__DATA FOR PROCESSING__:
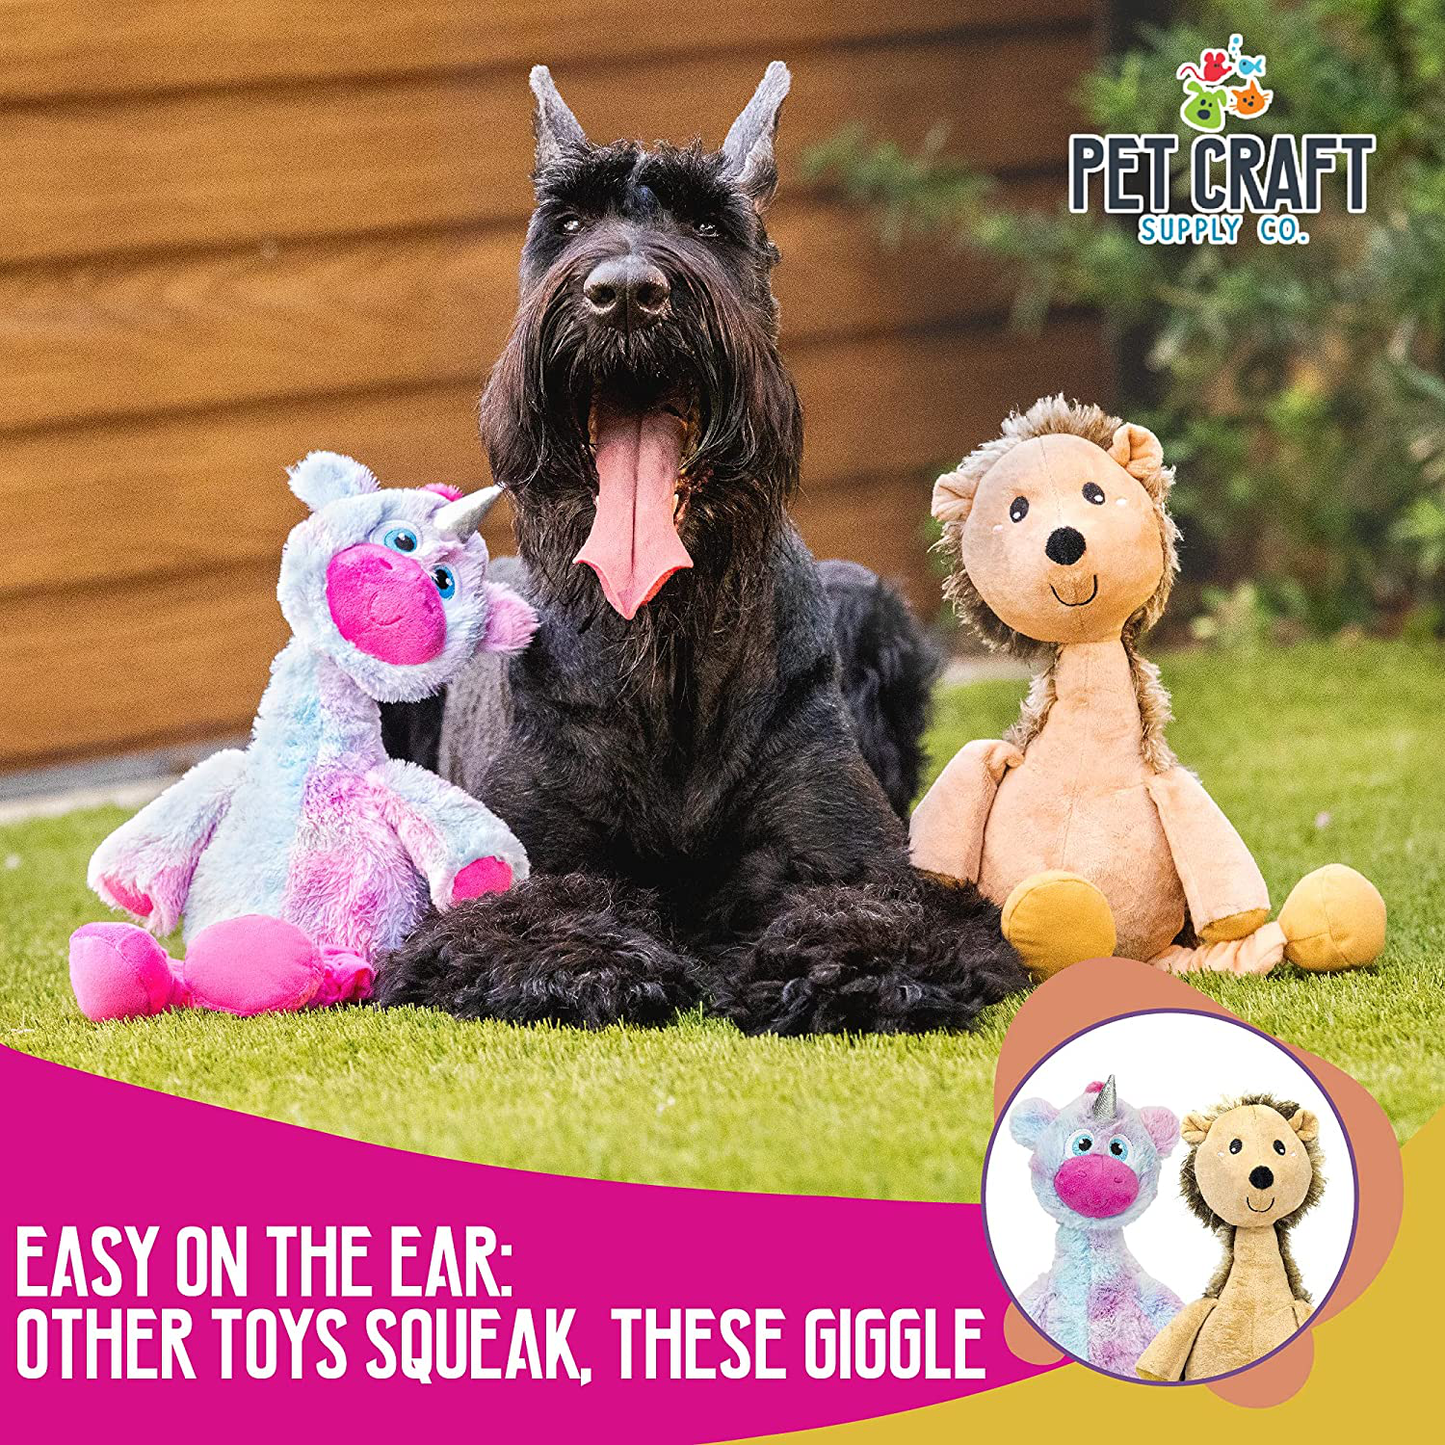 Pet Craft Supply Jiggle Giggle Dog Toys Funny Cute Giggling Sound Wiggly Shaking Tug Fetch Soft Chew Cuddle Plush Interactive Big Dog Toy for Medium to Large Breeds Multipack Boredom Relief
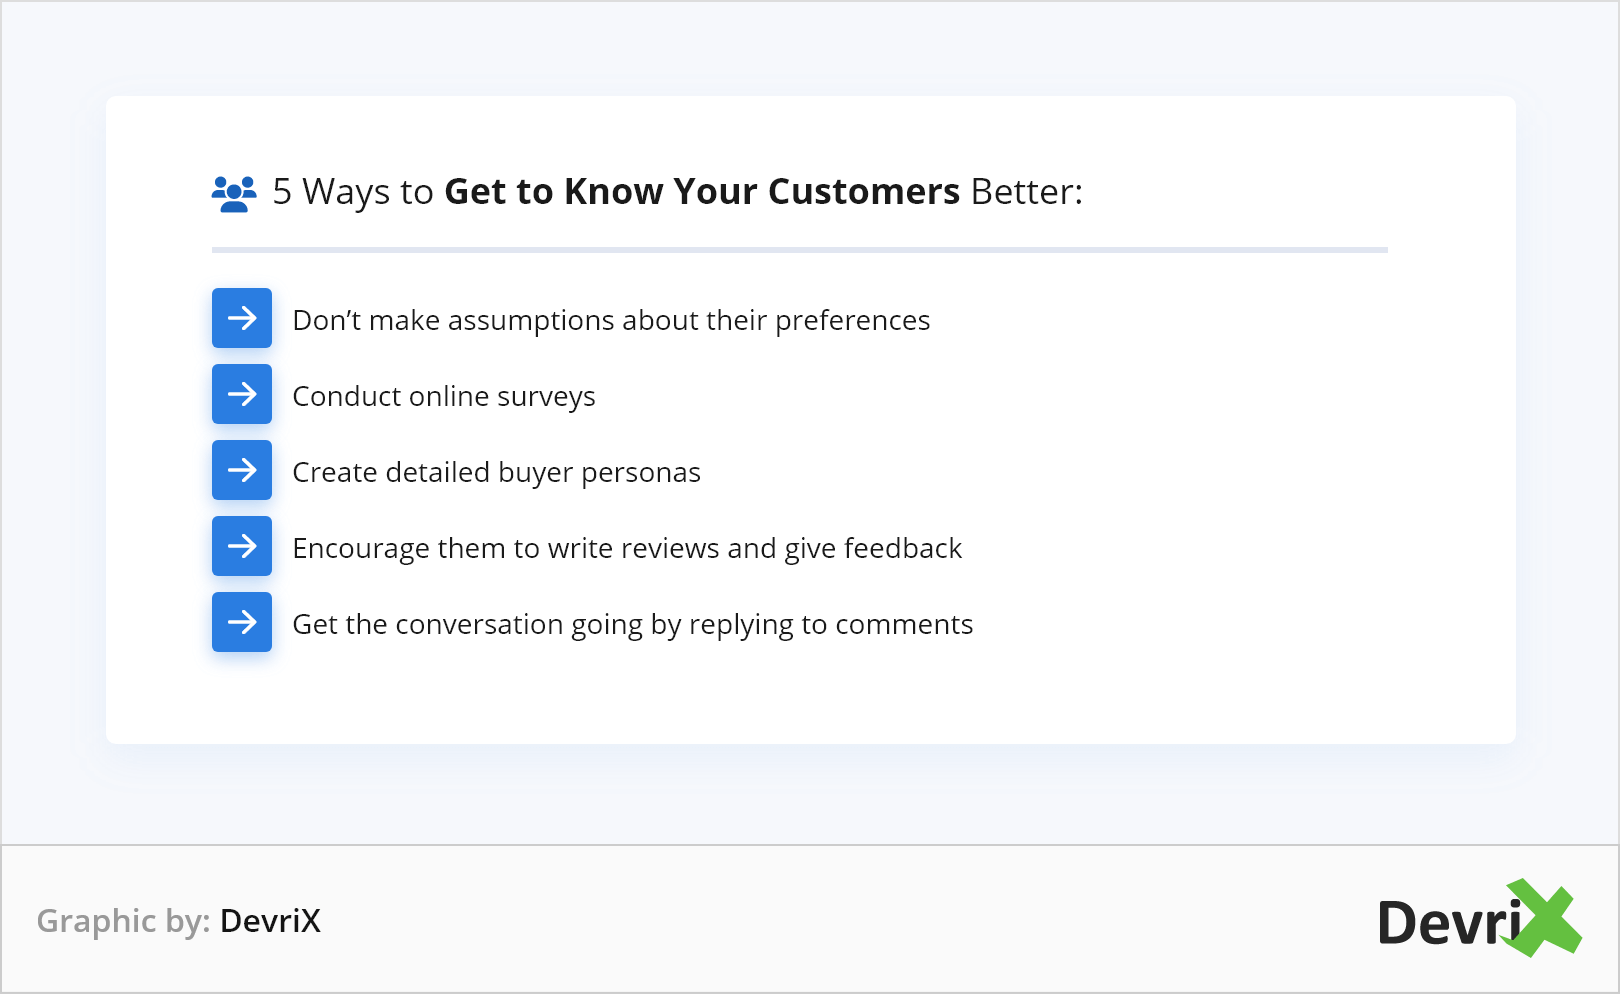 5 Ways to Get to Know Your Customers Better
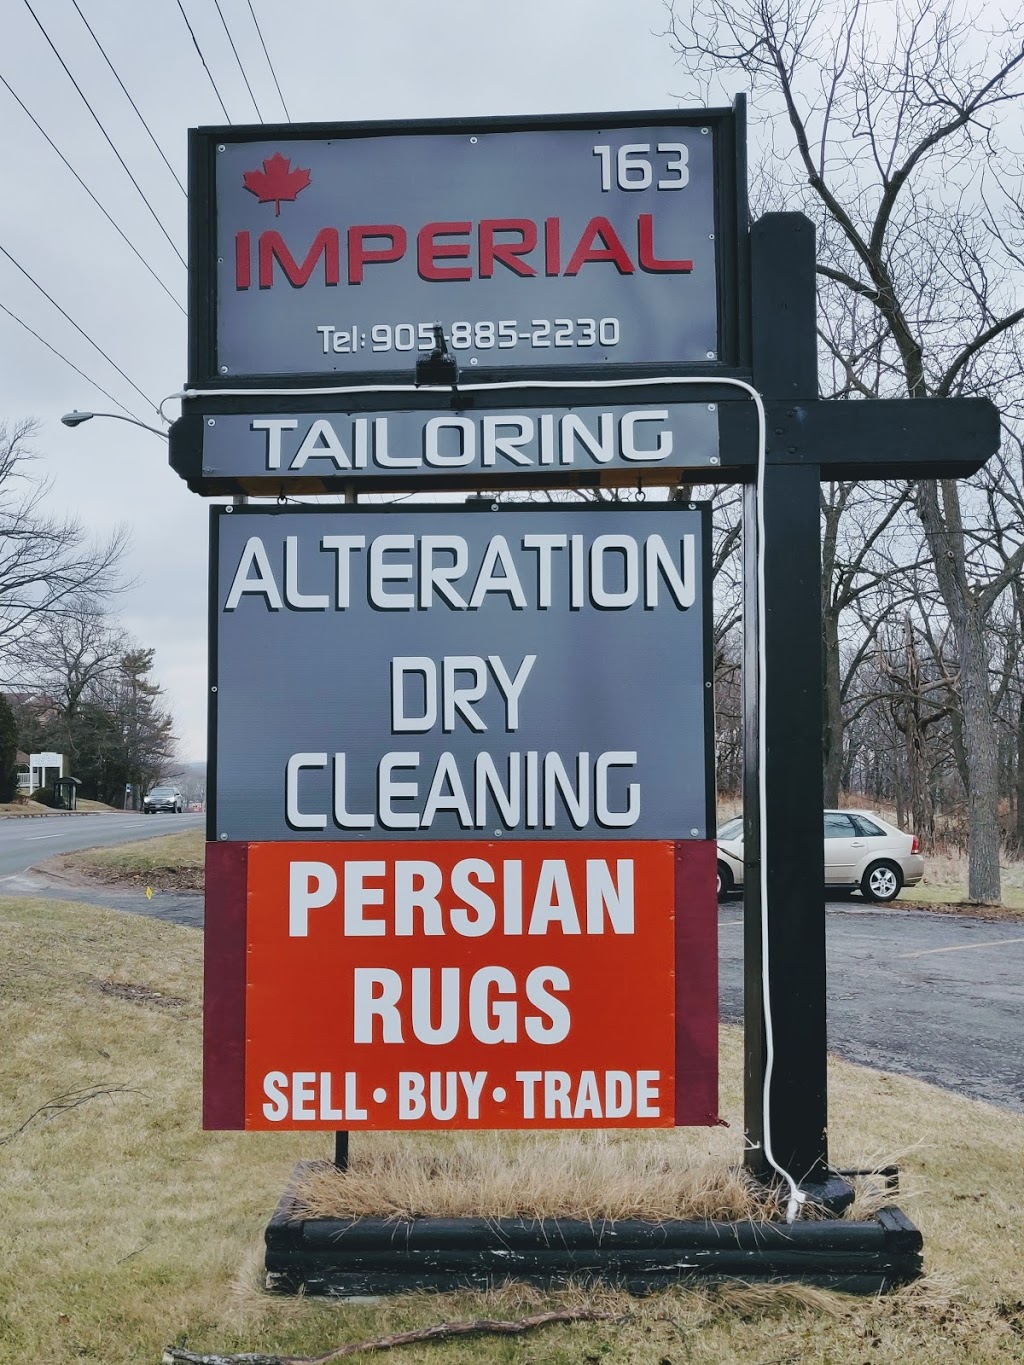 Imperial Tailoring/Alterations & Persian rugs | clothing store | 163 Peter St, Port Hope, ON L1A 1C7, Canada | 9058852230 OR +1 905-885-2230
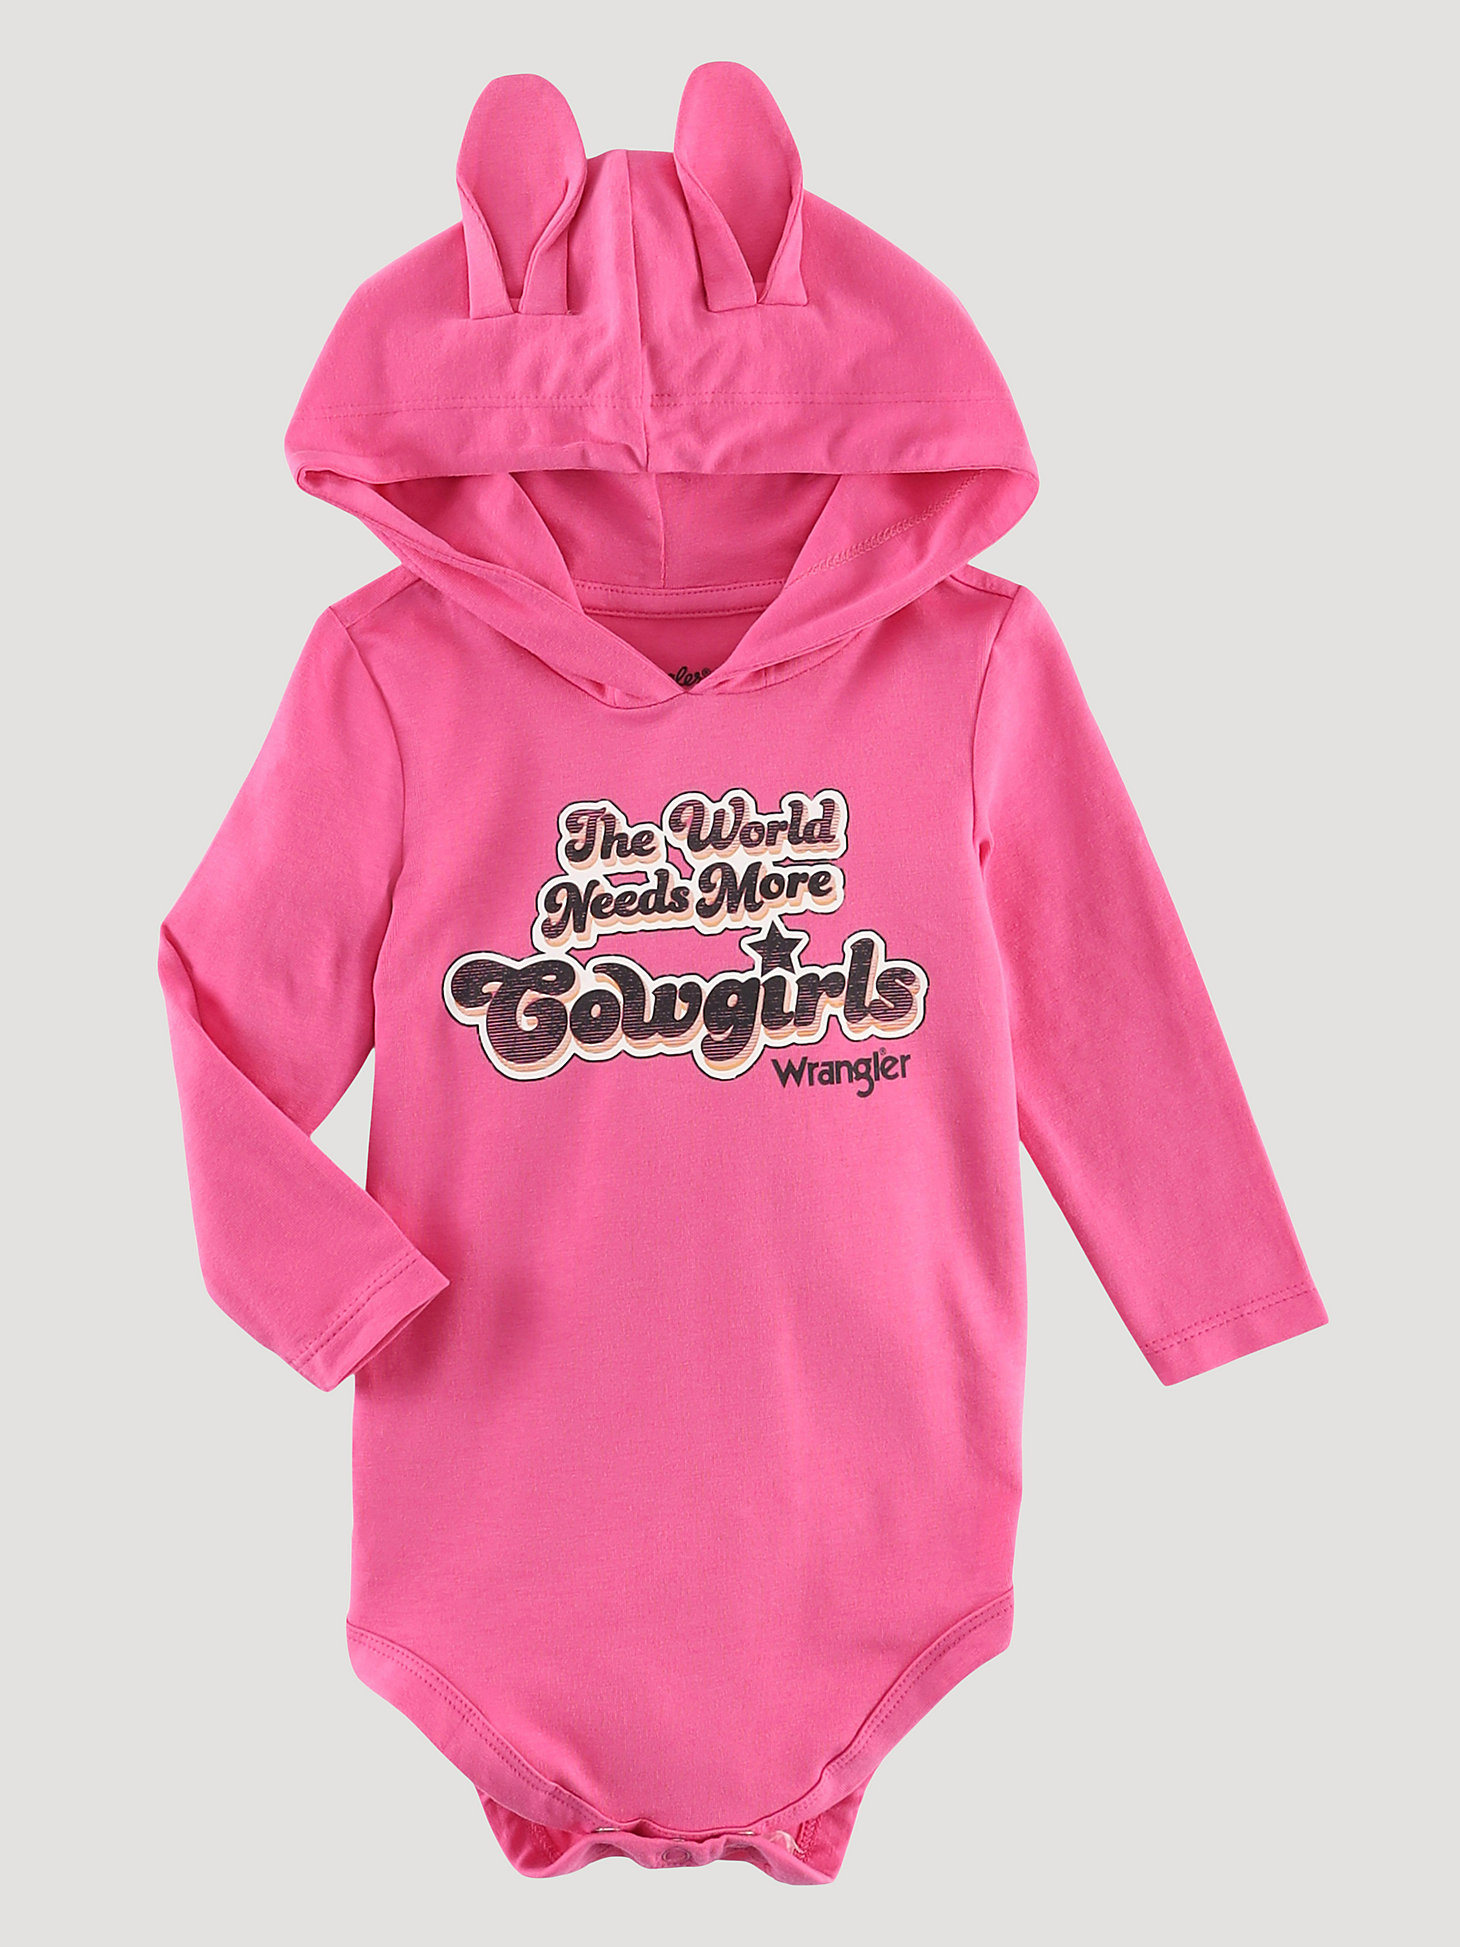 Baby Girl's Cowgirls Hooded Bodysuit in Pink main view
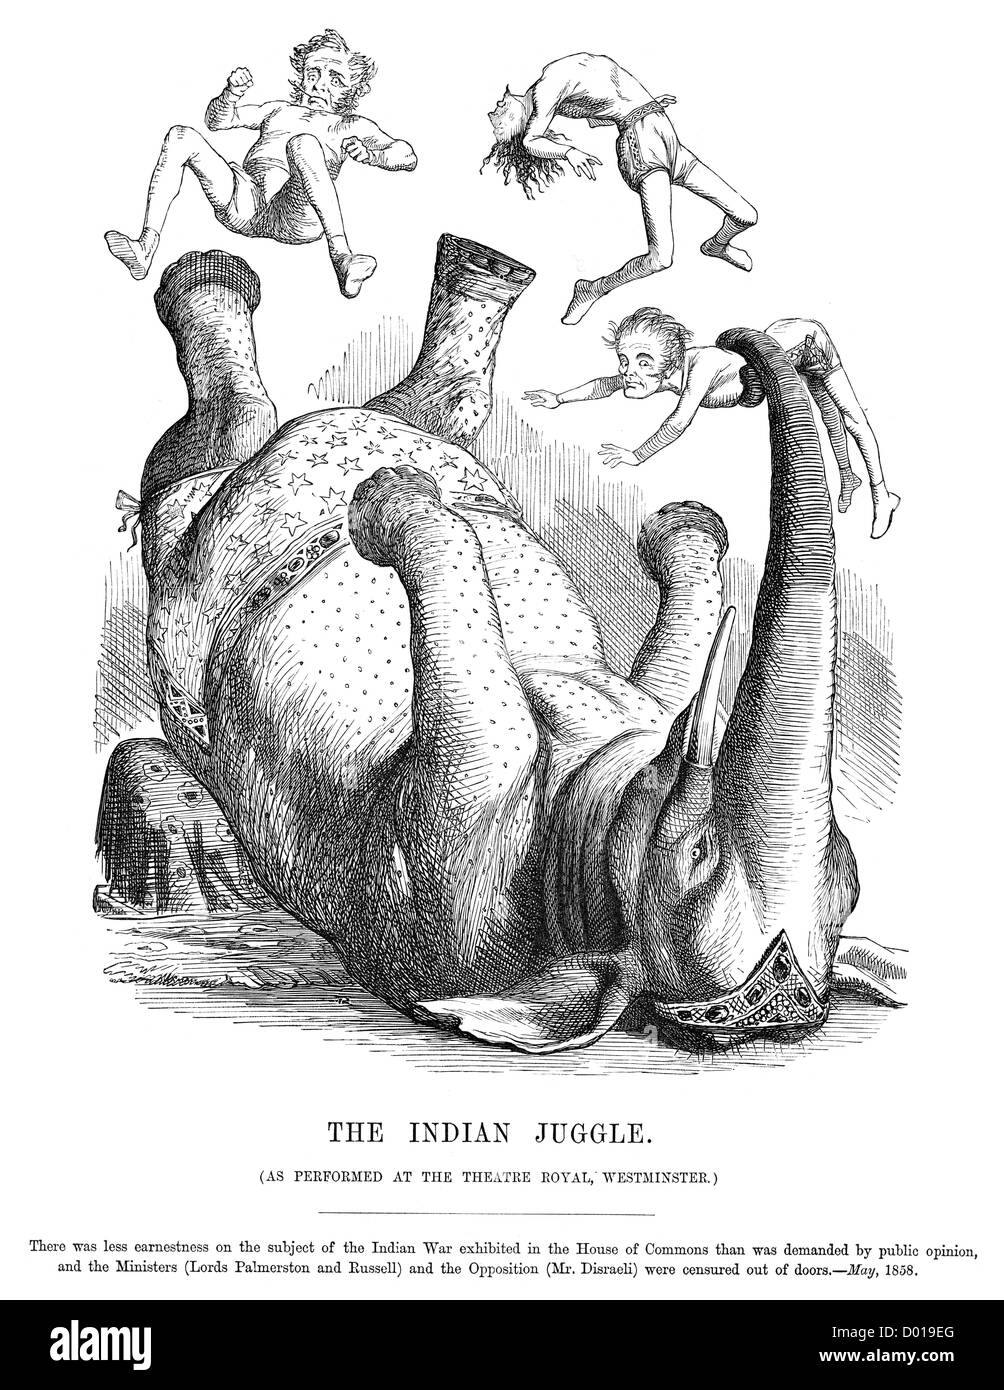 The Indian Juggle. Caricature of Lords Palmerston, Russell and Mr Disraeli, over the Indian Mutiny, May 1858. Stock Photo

__ABOUT THIS TASK__: Would you restate, word for word, the lines from the one holding "Imperial Tailoring/Alterations &" through the end of the material above? Omit the pictures.

__SOLUTION FOR THIS EXERCISE__:
 Imperial Tailoring/Alterations & Persian rugs | clothing store | 163 Peter St, Port Hope, ON L1A 1C7, Canada | 9058852230 OR +1 905-885-2230
 Baby Girl's Cowgirls Hooded Bodysuit in Pink main view
 The Indian Juggle. Caricature of Lords Palmerston, Russell and Mr Disraeli, over the Indian Mutiny, May 1858. Stock Photo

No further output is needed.